Hi, I need to convert chromosomal location to gene name (preferably, HGNC nomenclature) in a txt file with 6 columns: From
1 chr1:183189 0 183189 G C
1 chr1:609407 0 609407 0 0
1 chr1:609434 0 609434 0 0
1 chr1:609435 0 609435 G G
to
1 genename 0 183189 G C
1 genename 0 609407 0 0
1 genename 0 609434 0 0
1 genename 0 609435 G G
Files are made in GRCH38. I looked in this forum for similar issue, but could not find appropriate solution. One option was with bedtools, but unfortunately, only bed files are suitable in that case. One more option included some outdated R packages, which I could not install.
Thank you!
use awk to convert reformat your input. Hint:
split($2,a,/[:]/);printf("%s\t%d\t%s\n",a[1],int(a[2])-1,a[2]);}'
Sorry, I tried that syntax, but get error..

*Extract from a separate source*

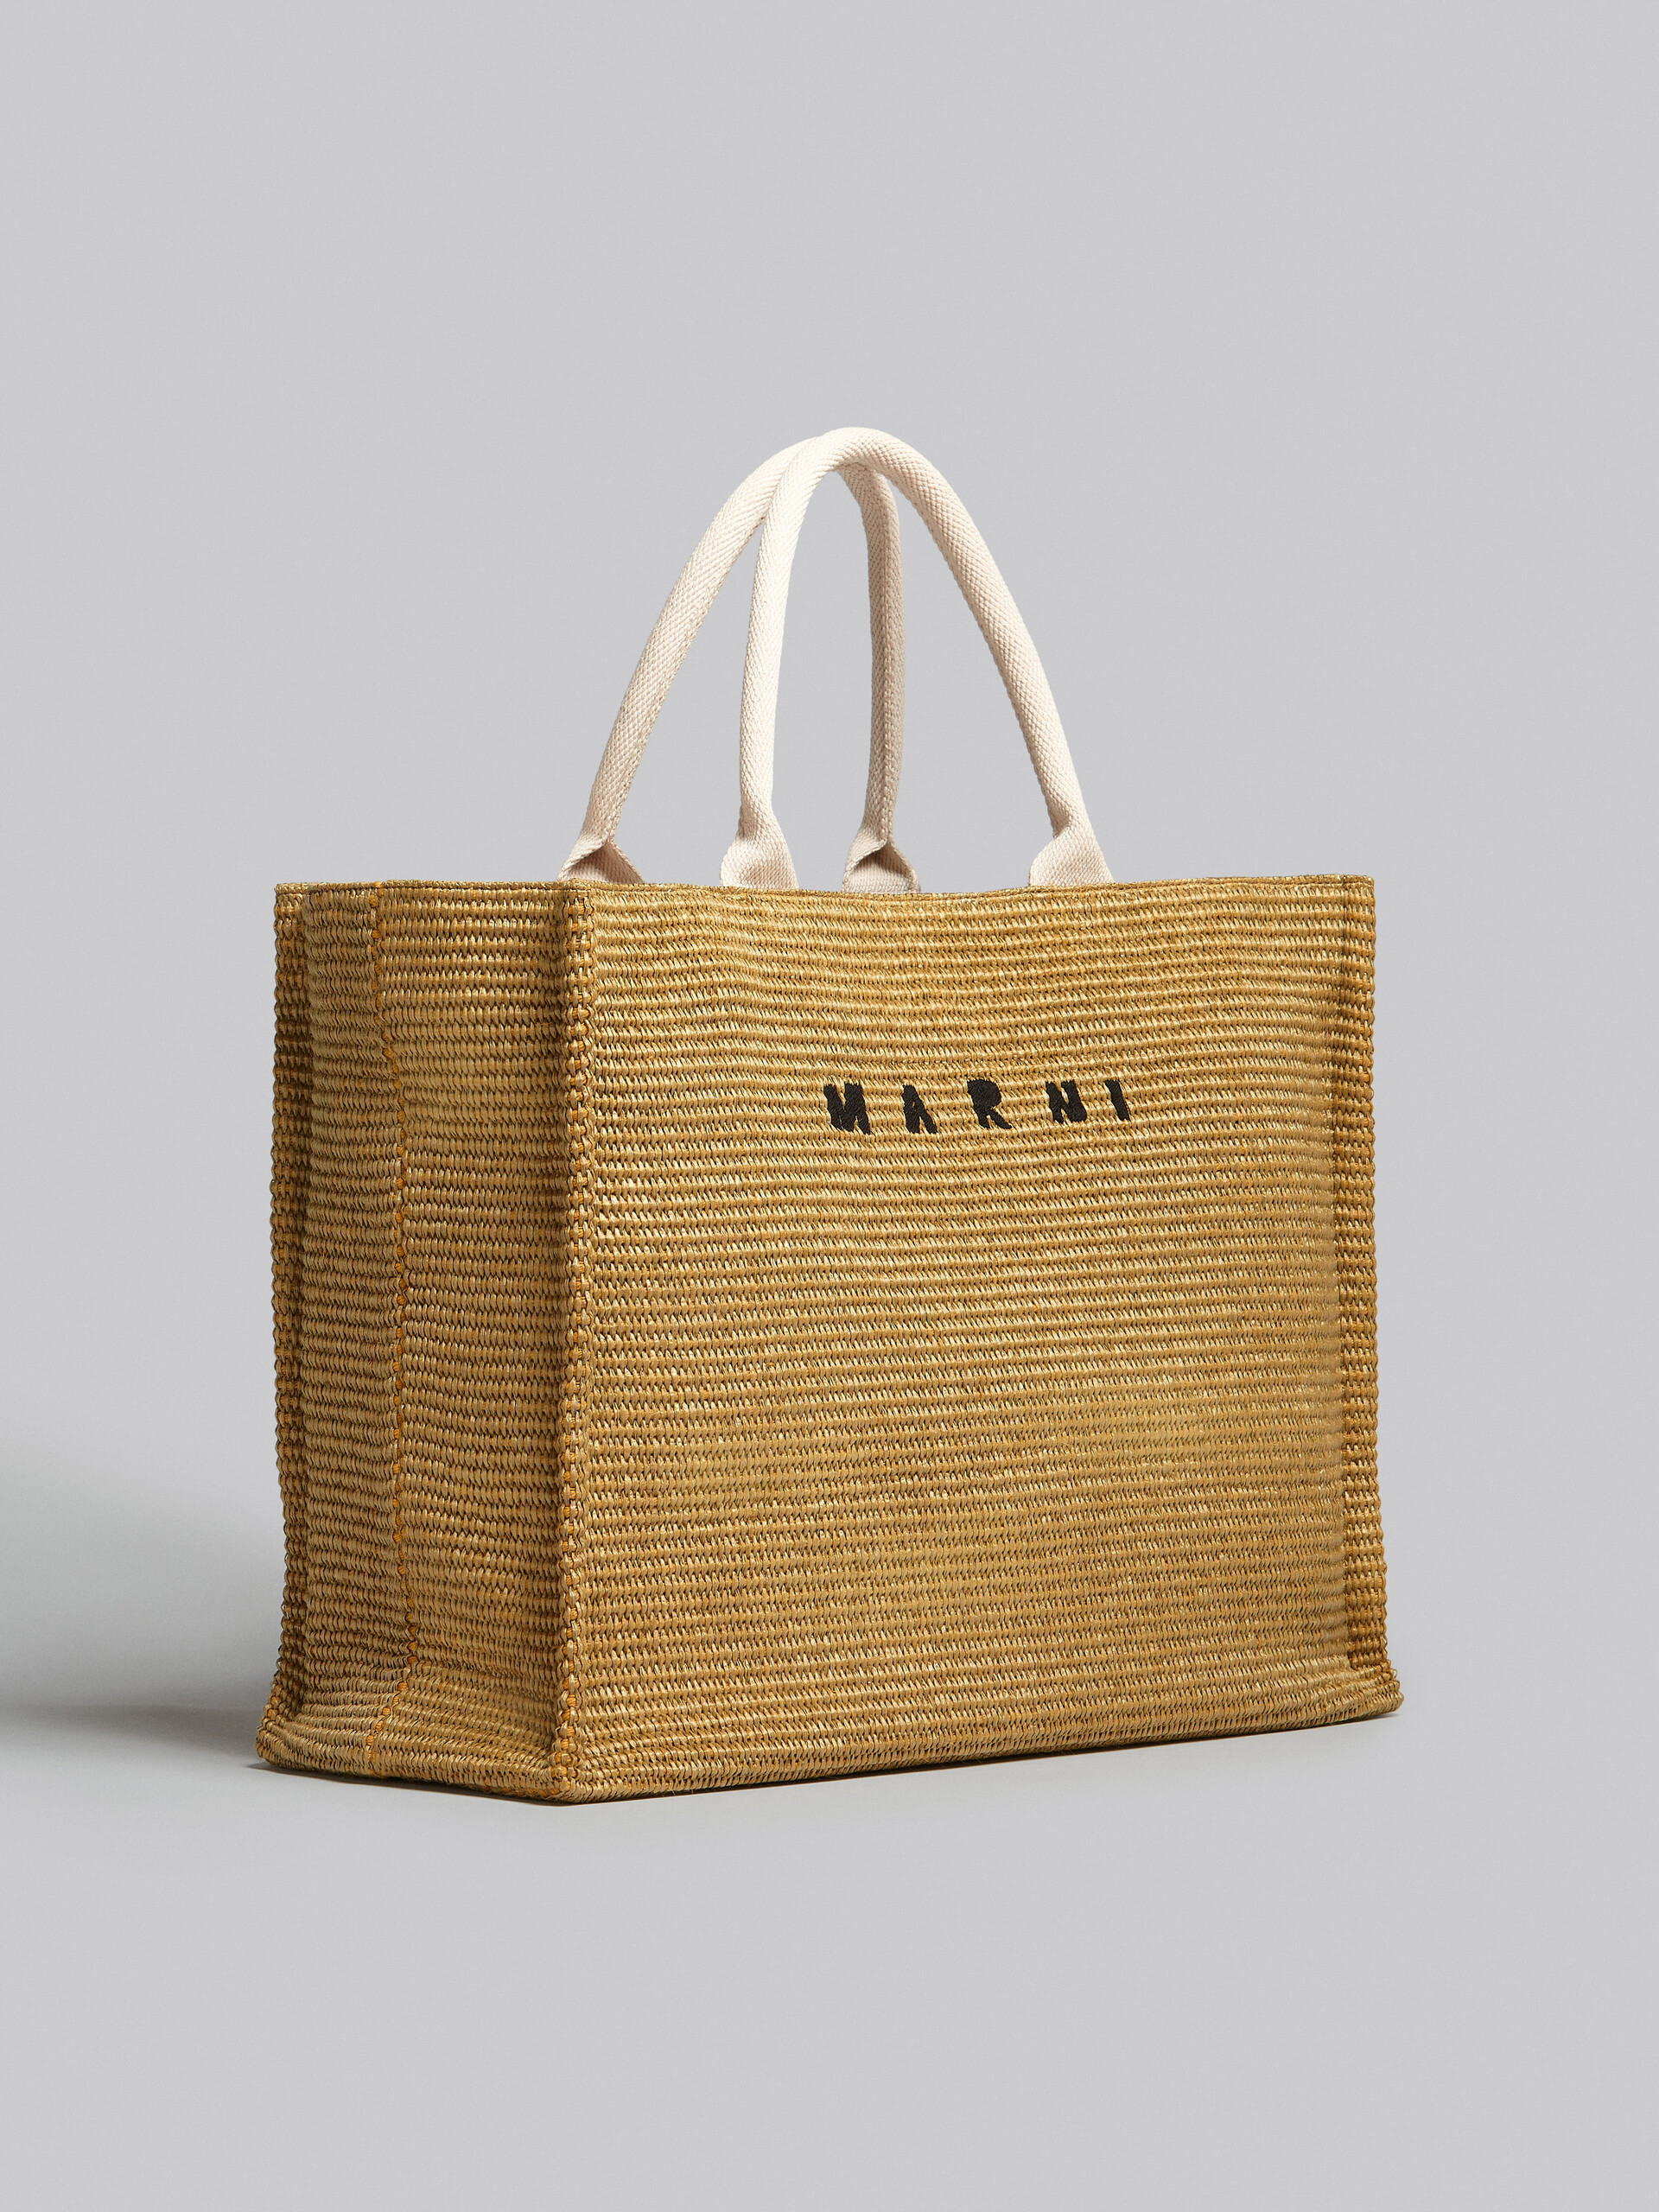 Large Tote in natural-coloured raffia-effect fabric - Shopping Bags - Image 6
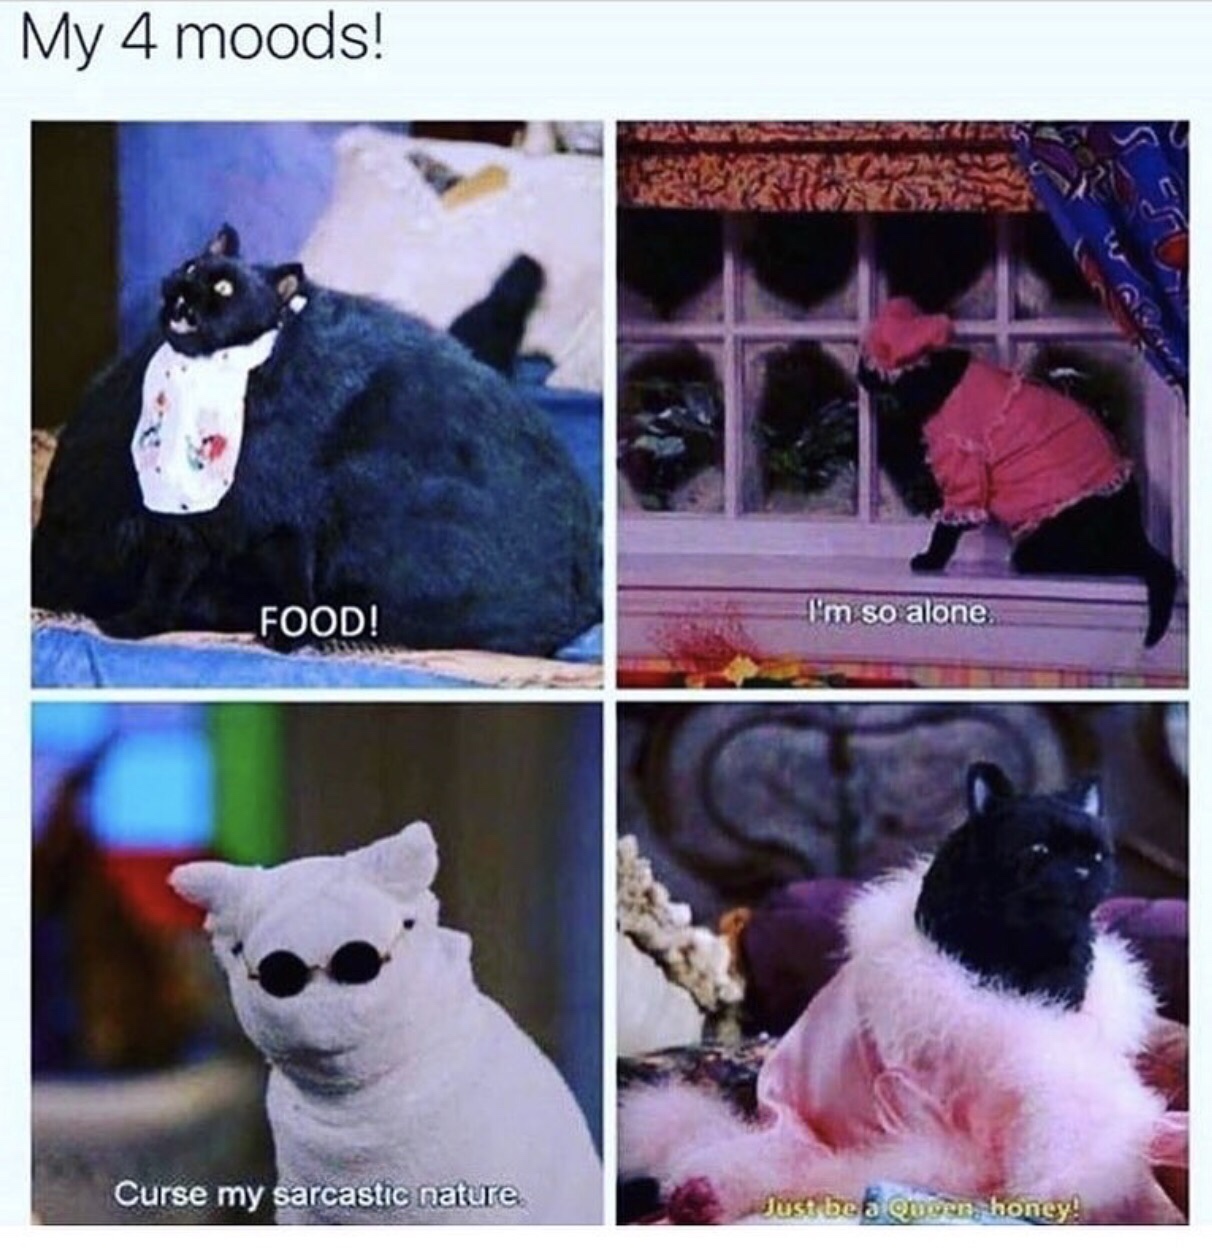 my 4 moods salem - My 4 moods! Food! I'm so alone. Curse my sarcastic nature Just be on war, honey!

Also, where can I get bed files with HGNC gene names? From UCSC Table Browser I can only download table with transcripts
First part of Alex Reynolds answer below gives you that.
My answer can provide multiple HGNC records for one gene that has multiple transcripts. More information would be needed to filter these for canonical transcripts. And one genomic position could overlap different genes. But
bedmap --echo-map-id-uniq
will remove duplicate gene names, in either case.